Sam Altman's Testimony
- ChatGPT is used by over 500 million people a week and is the fifth-largest website globally.
- Significant productivity increases reported by users.
- AI development must focus on innovation and infrastructure investment.
- The next decade will be about abundant intelligence and abundant energy.
- He recounts his childhood computer experiences and their role in founding OpenAI.
- Importance of the spirit of American innovation and entrepreneurship.
Lisa Su's Testimony
- AMD builds high-performance computing chips for the modern economy, supporting critical missions.
- Proudest moments are public-private partnerships, such as supercomputing with the Department of Energy (Oak Ridge and Lawrence Livermore National Labs).
- AI is transformative, but US leadership is not guaranteed.
- Maintaining leadership requires excellence at every layer of the stack.
Five Key Points
- Continue to run faster, ensuring computing availability.
- Embrace open ecosystems to foster innovation and reduce barriers to entry.
- Focus on a robust domestic supply chain for semiconductors.
- Invest in talent to make the US the best place to study and work in AI.
- Understand the importance of national security related to export controls but facilitate widespread adoption of US technologies.
Michael Integrator's Testimony
- CoreWeave is at the forefront of America's AI infrastructure revolution, managing over 250,000 GPUs across 30 data centers.
- Revenue has surged by 12,000%, reaching 1.9 billion in 2024.
- Modern AI requires specialized infrastructure beyond traditional cloud computing.
- The computing power necessary for advanced AI models has multiplied approximately 100,000-fold since 2018.
- Focus on policy elements: strategic investment stability, energy infrastructure development, global market access, and public-private partnerships.
Brad Smith's Testimony
- The AI tech stack requires infrastructure, platforms, and applications, emphasizing interconnectedness.
- Congress should focus on innovation (more infrastructure, faster permitting, more electricians and investment in universities).
- AI diffusion requires skills investment and education.
- Export strategies must consider that only 4.5% of the world's population lives in the US.
- The goal should be to build machines that help people become better and pursue more interesting careers.
Question and Answer Highlights
- Essential elements for US AI leadership: more electricians, broader AI education, streamlined ability to build large things,policies ,sensible supply chain policy.
- Incentivizing companies to do business in America: supporting compute, infrastructure development (data centers, electricity), universities, regulatory framework.
- Importance of NIST setting standards: establishing a common vocabulary for acceleration.
- The future of work, electricity, and public-private cooperation being the future of innovation.
- Dr.

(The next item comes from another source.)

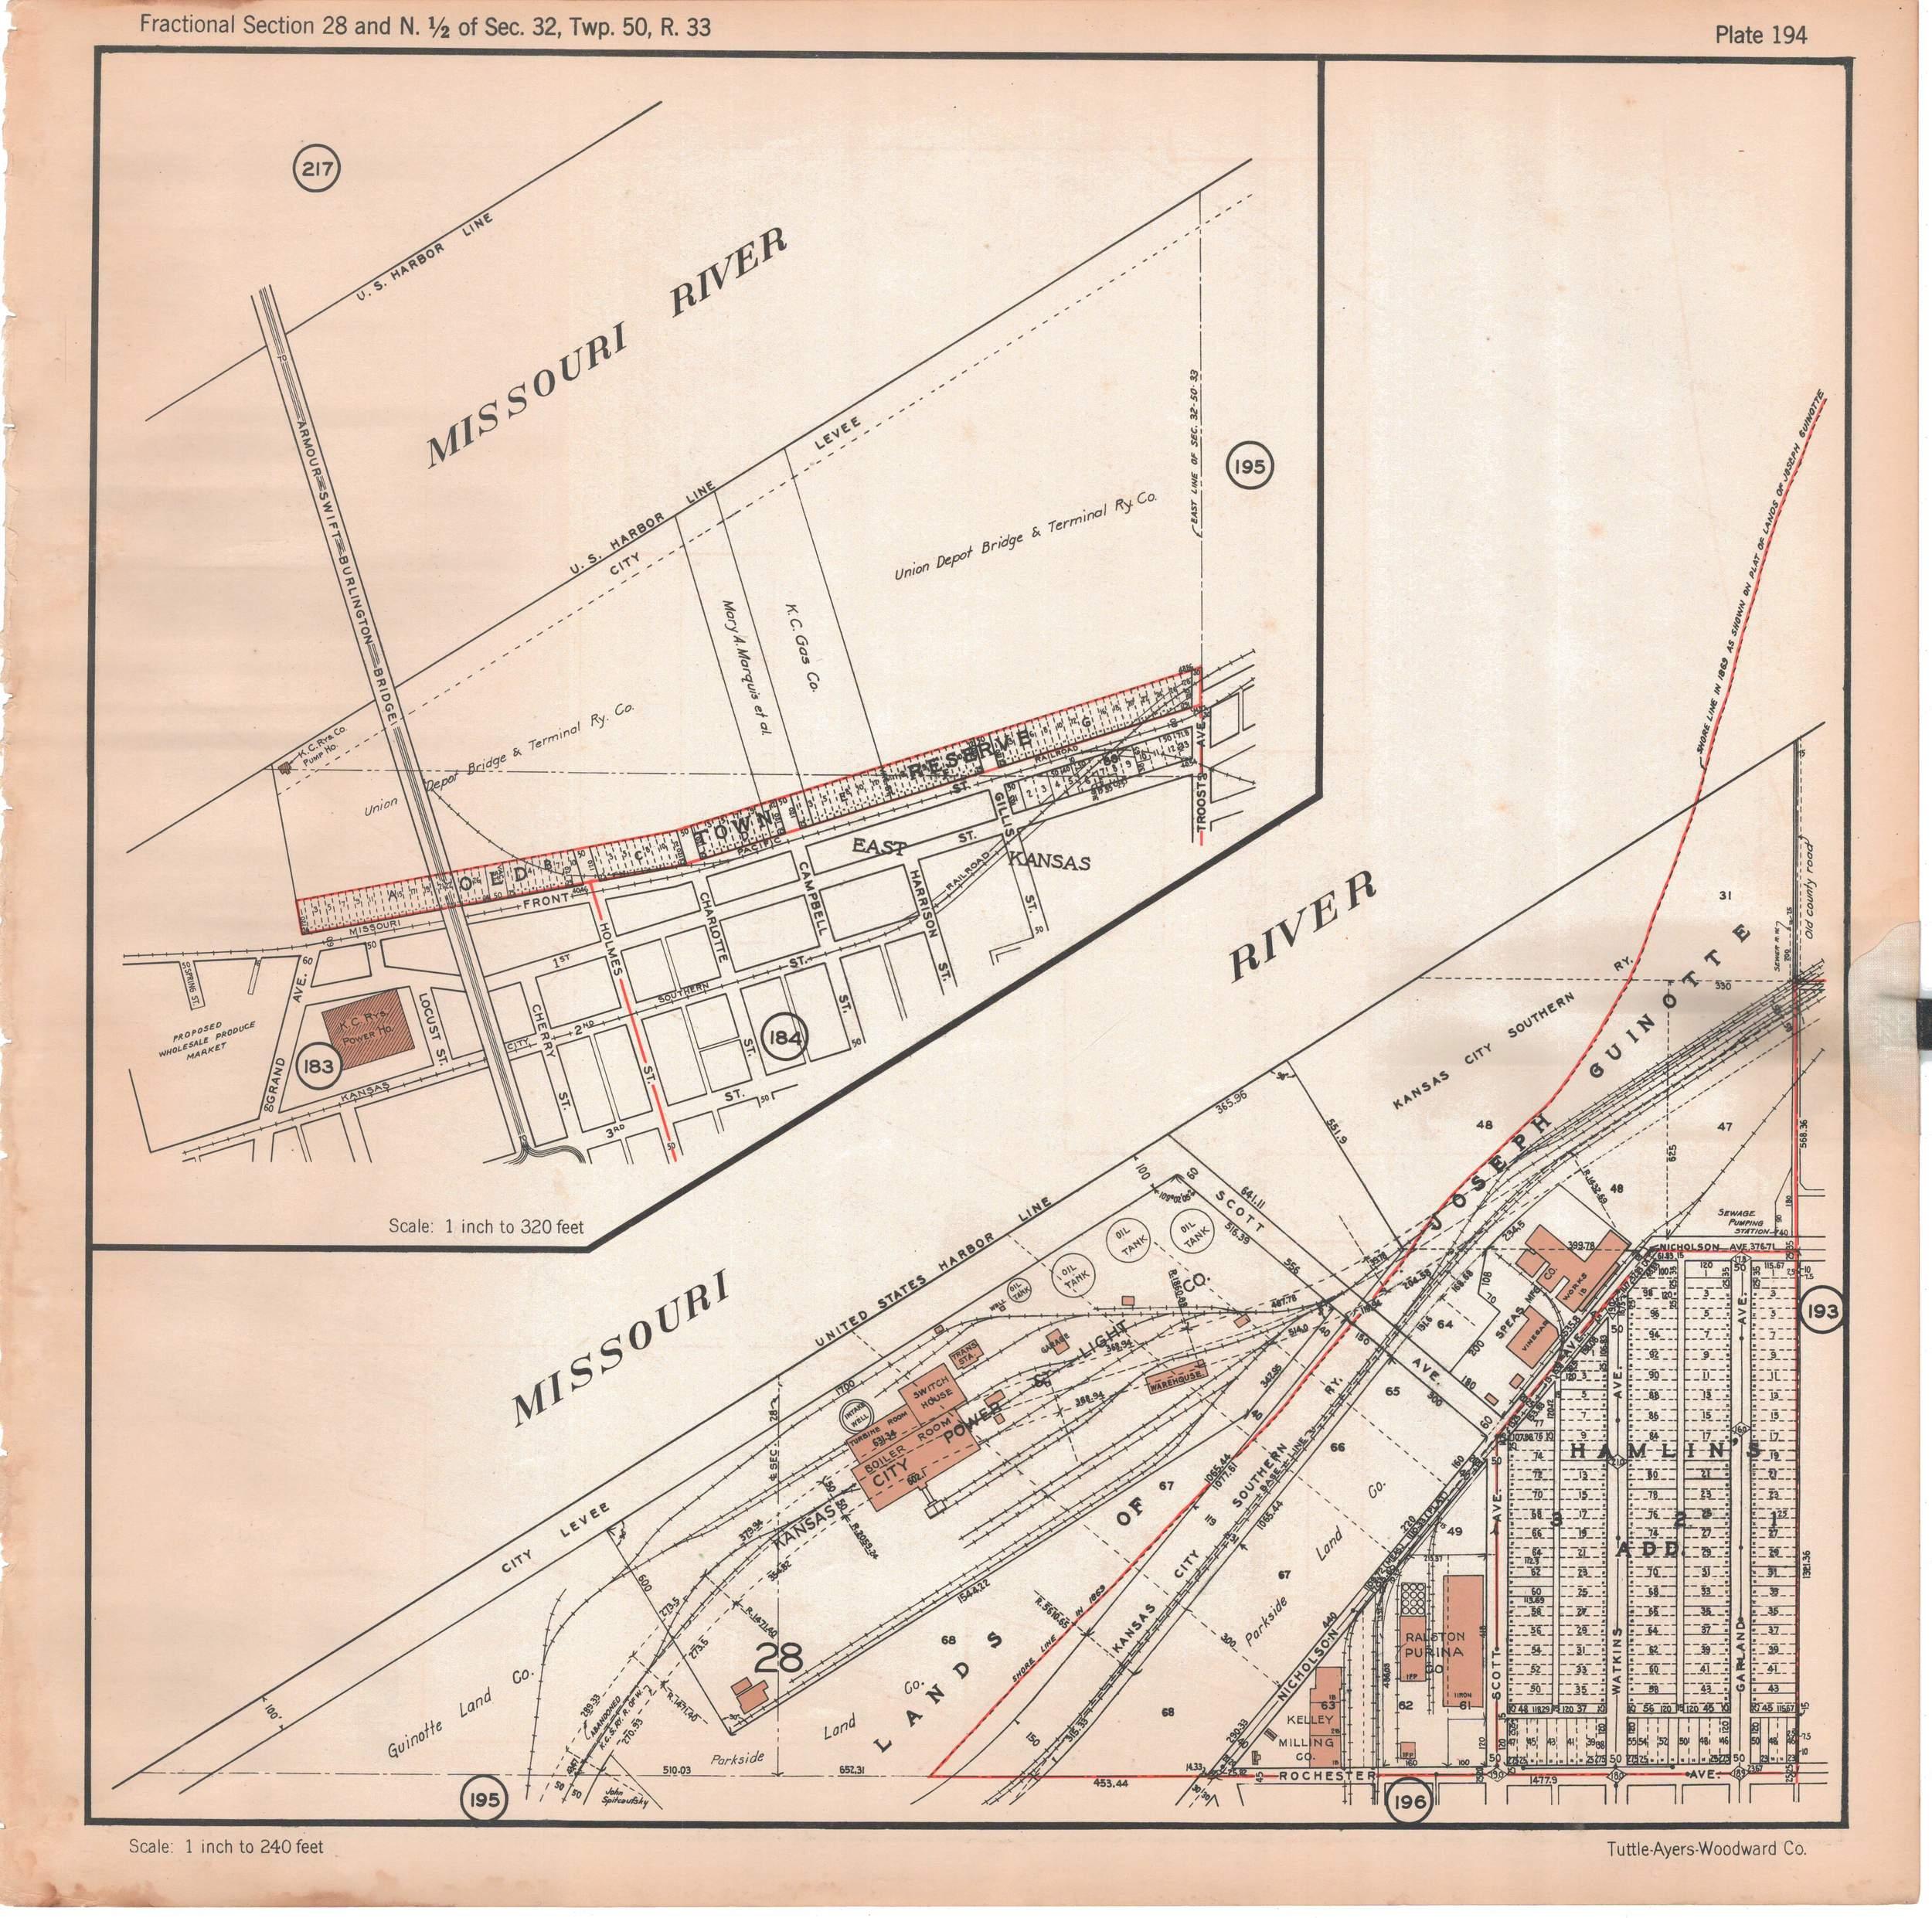 1925 TUTTLE_AYERS_Plate_194.JPG

Sue's point that usage spurs innovation.
- Focusing on streamlining the ability to build quickly with energy, which is paramount with the discussion on national resource infrastructure.
- Protecting children, which is another discussion that is being prioritized heavily.
- The development of Stablecoin ecosystems and electricity is extremely important for the U.S. to succeed.
- The issue of bias, also prioritizing inclusion within this technology.
- The impact for scientific research, which may become one of the most important contributions to the world from AI.
- Concerns about high priced energy, potentially having a negative impact to households and ratepayers as more data centers are put into place.
- Emphasizing public-private partnerships as the future of progress and innovation for AI.